A marvelous depiction of sad passivity. Every sentence is tight and beautiful, excellent from the opening line.
She'll never leave. You should leave, take a hold of life. It is very sad. Very touching.
Well-written, Susan. "Every morning, I listen to Gabe's tires crunch down the gravel drive, then accelerate onto asphalt that brings him to the city, to the people in his life who make him laugh. Last time I saw his office was years ago. He's messy there, too, but it's happy chaos. Every night, the place is sanitized by professionals."

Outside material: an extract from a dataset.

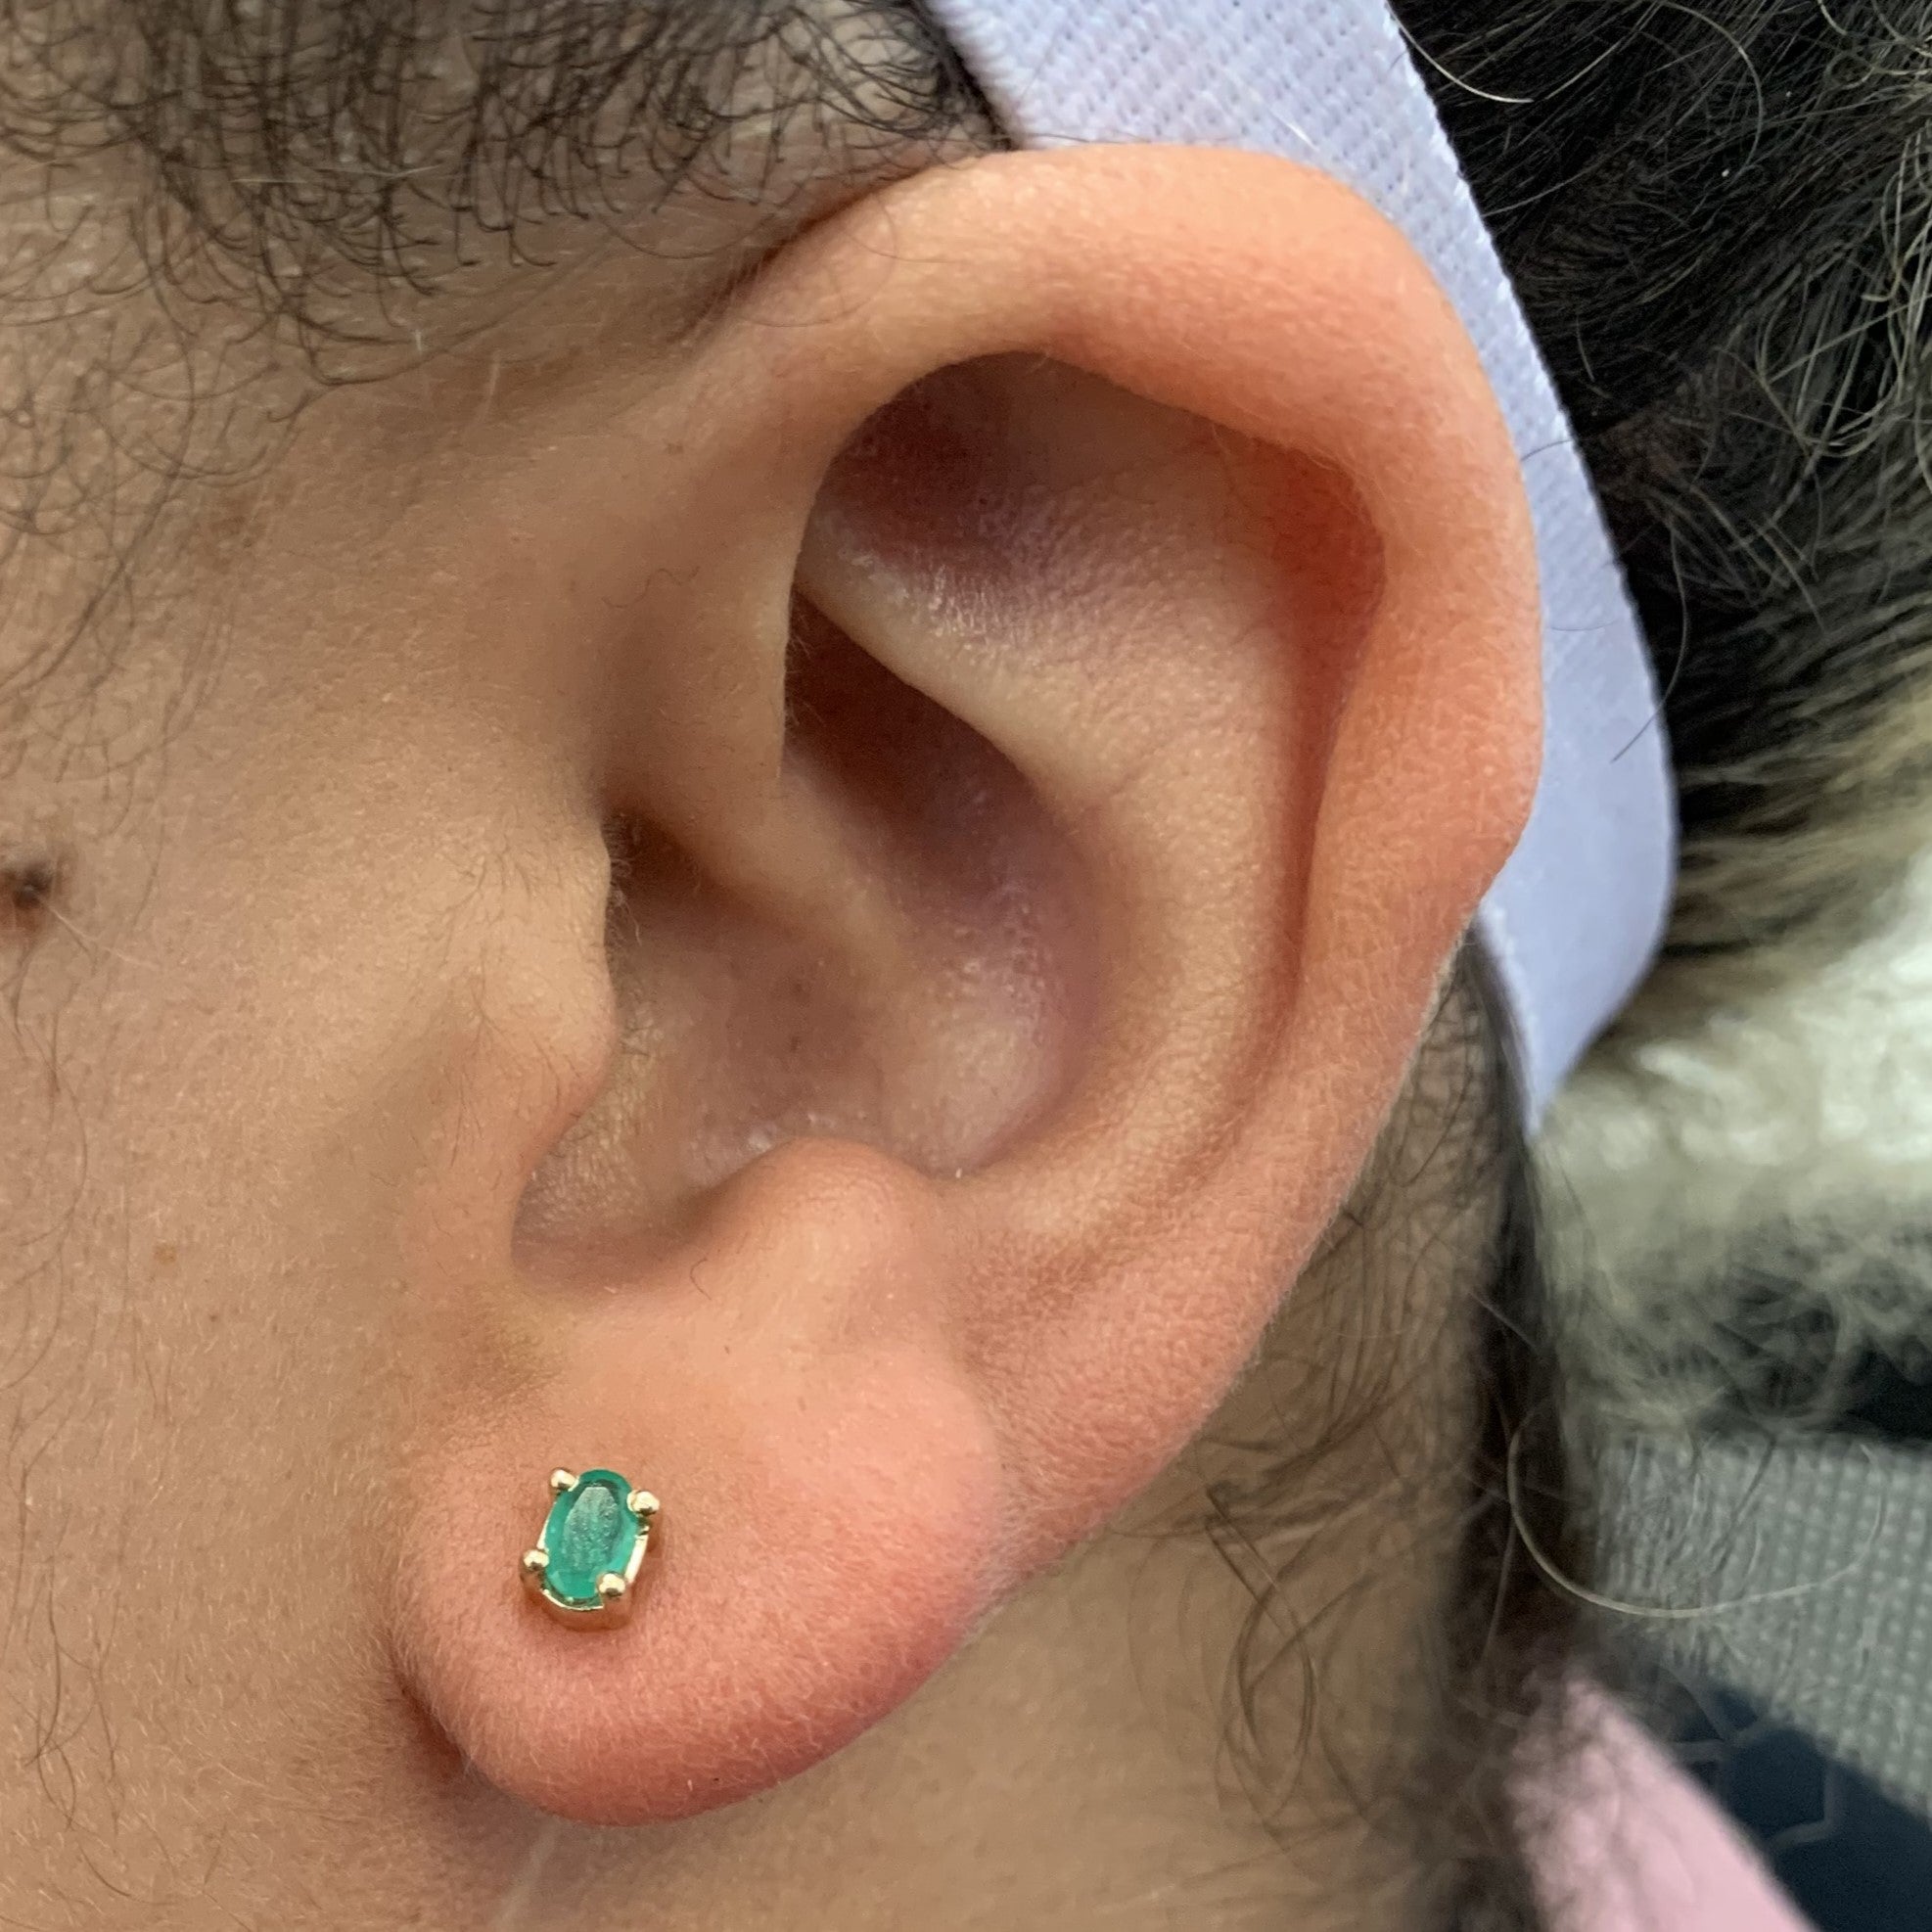 Emerald Stud Earrings | 0.35ctw |

Especially like the way you close the piece. *
Great title, too! Very early-Atwood, the way you parse her grievances with a fine-edged scalpel, and put it all upon the husband, who dares laugh with his friends. She's so immobilized by now, I wonder if Steve's right, that she'll never leave, unstick her life. I wonder what her husband gets out of this, a life without touching. I wonder why he hasn't left himself. I wonder if he'd even feel relief if he came home and she wasn't there. She barely is now.
Beautifully written, Susan.
The image of those hideous Gerbera daisies is perfect. "Shellacked". That too is perfect.
And "safe". Safe as a grave.
This is the saddest thing I've read in a while.
Wow. I feel this. Really speaks to me at this point in my life. Thanks for sharing.
There are people who have tried to describe this before. This is the most successful I have seen.
Very powerful opening, nicely sustained throughout.